Amlodipine (P-glycoprotein inhibitor) modulation Doxorubicin Immunohistochemical effect in induced CRC in Mice

A trial was conducted to assess the P-gp inhibitor Amlodipine (AML) in induced colorectal cancer (CRC) in mice by Azoxymethane (AOX) treated with Doxorubicin (DXO) alone or combined with AML. Forty-eight adult Albino mice were equally divided to six groups consisting of C-ve given NS and five groups treated after CRC induction according to the dosing regimen: C-ve (AOX 10 mg/kg and NS), T1 (AML 1.8 mg/kg), T2 (DOX 5 mg/kg), T3 (AML 1.8 mg/kg with DOX 2.5 mg/kg) and T4 (AML 1.8 mg/kg with DOX 5 mg/kg). Dosing continued for four weeks, followed by two weeks recovery through which clinical, physiological and proliferating cell nuclear antigen (PCNA) parameters were evaluated. Clinical observation showed slightly weakness in all treated animal groups with abnormal clinical symptoms and recorded a noticeable appearance of swelling masses in the tail and partial alopecia especially in the C+ve group. Also, the results showed there was a significant decrease in animal body weight after CRC induction by AOM, while at the second week of recovery body weight recorded a significant increase in the T3 and T4 groups while a significant decrease in animal body weight in the T2 and control positive groups at the end of the experiment.
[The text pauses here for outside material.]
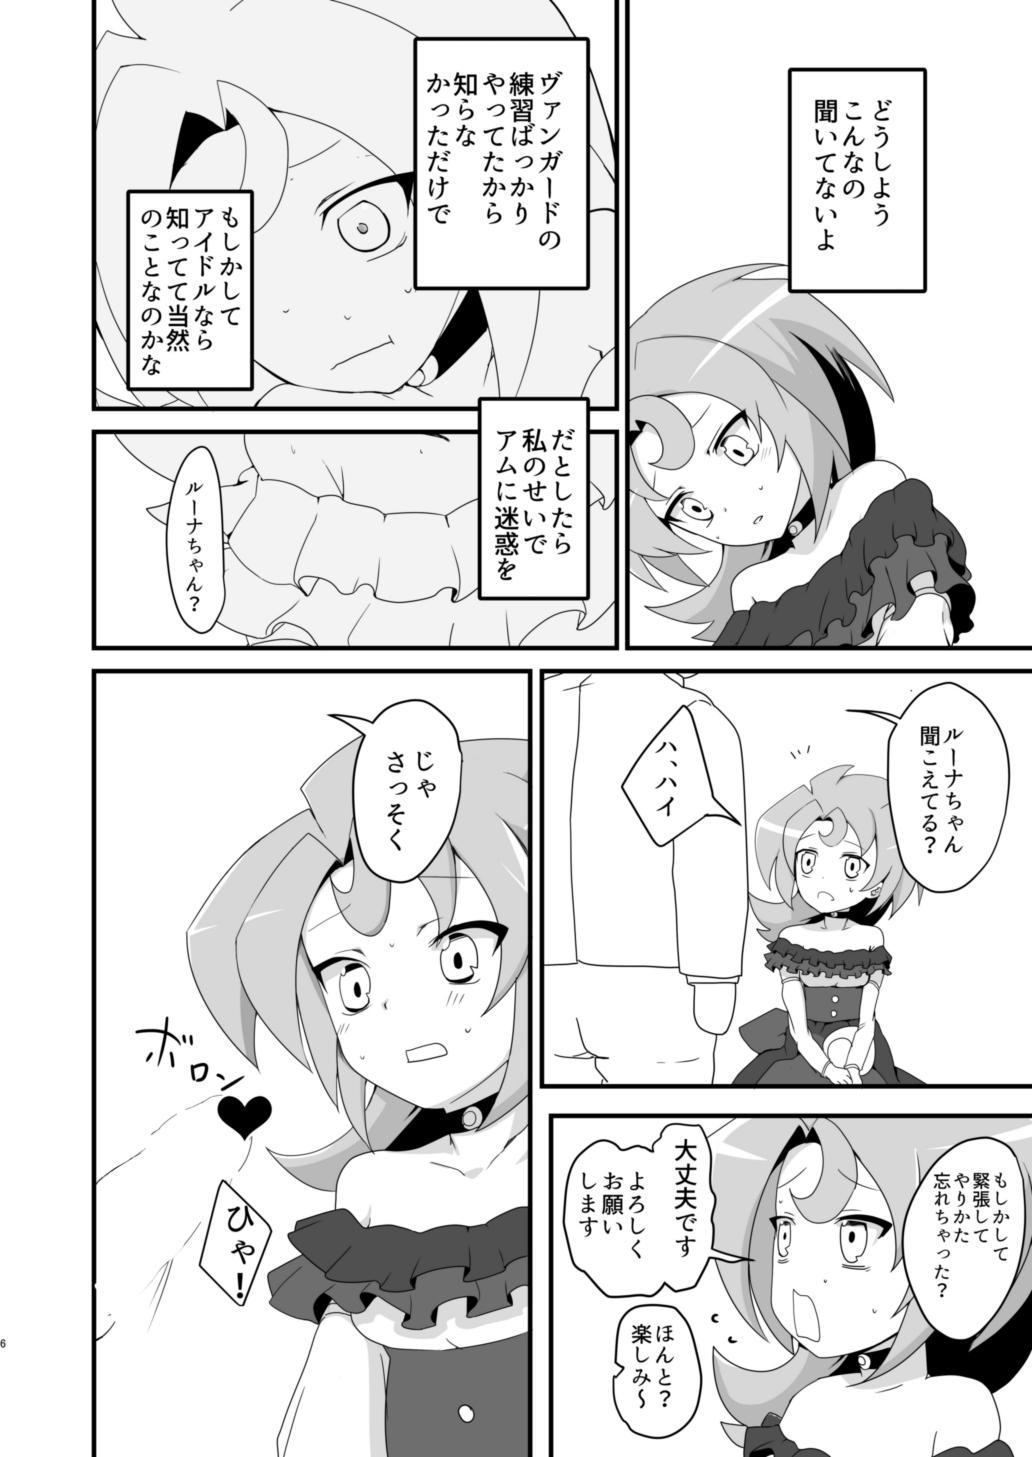 LunaAm O♂n♂n Akushuukai 4
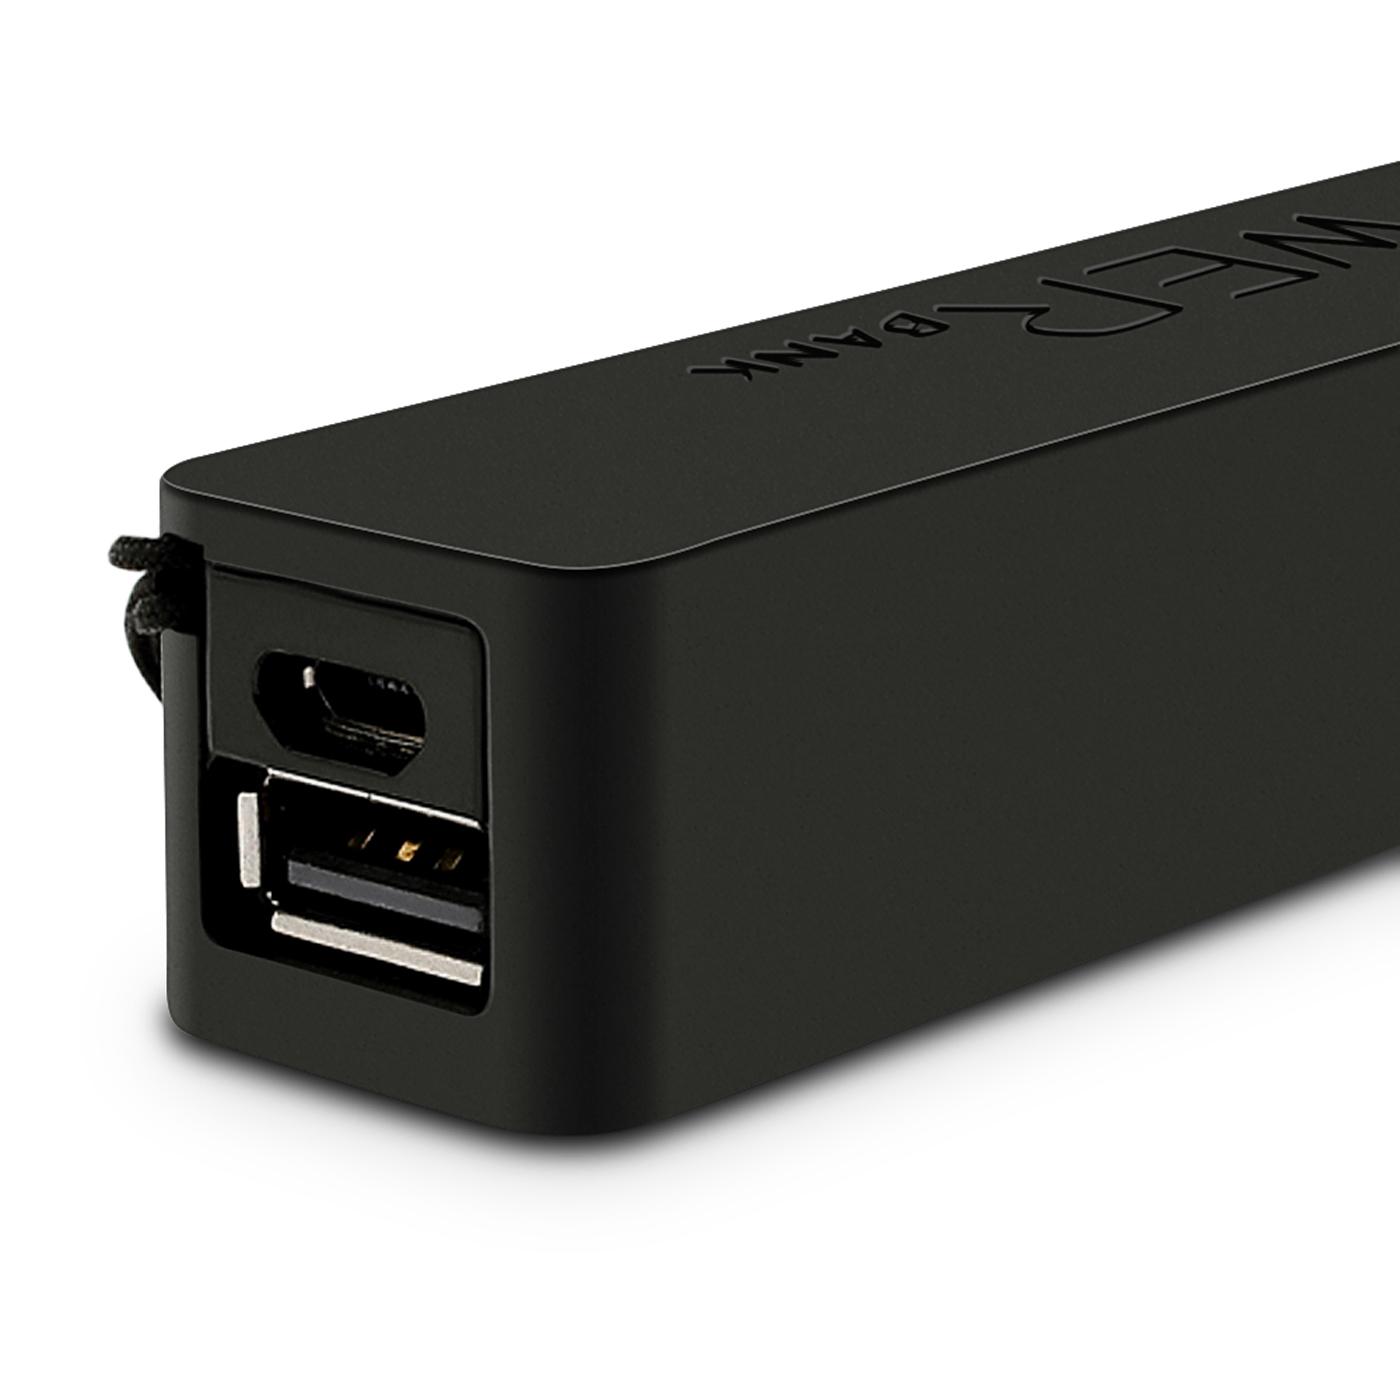 USB-Power-Bank-Caricatore-Caricabatterie-Portatile-con-portachiavi-Per-Cellulare

The findings score of PCNA showed a therapeutic effect on CRC-induced mice within the two periods of experiment in the treated groups T1, T3, and T4 except the T2 group in comparison with the C+ve group. The results recorded a significance decrease in PCNA-LI score in T3, T4, and T1 respectively in comparison with the C+ve group with an improved anti-colorectal cancer effect recorded in T3 combined therapy according to the result of least PCNA level than other treated groups.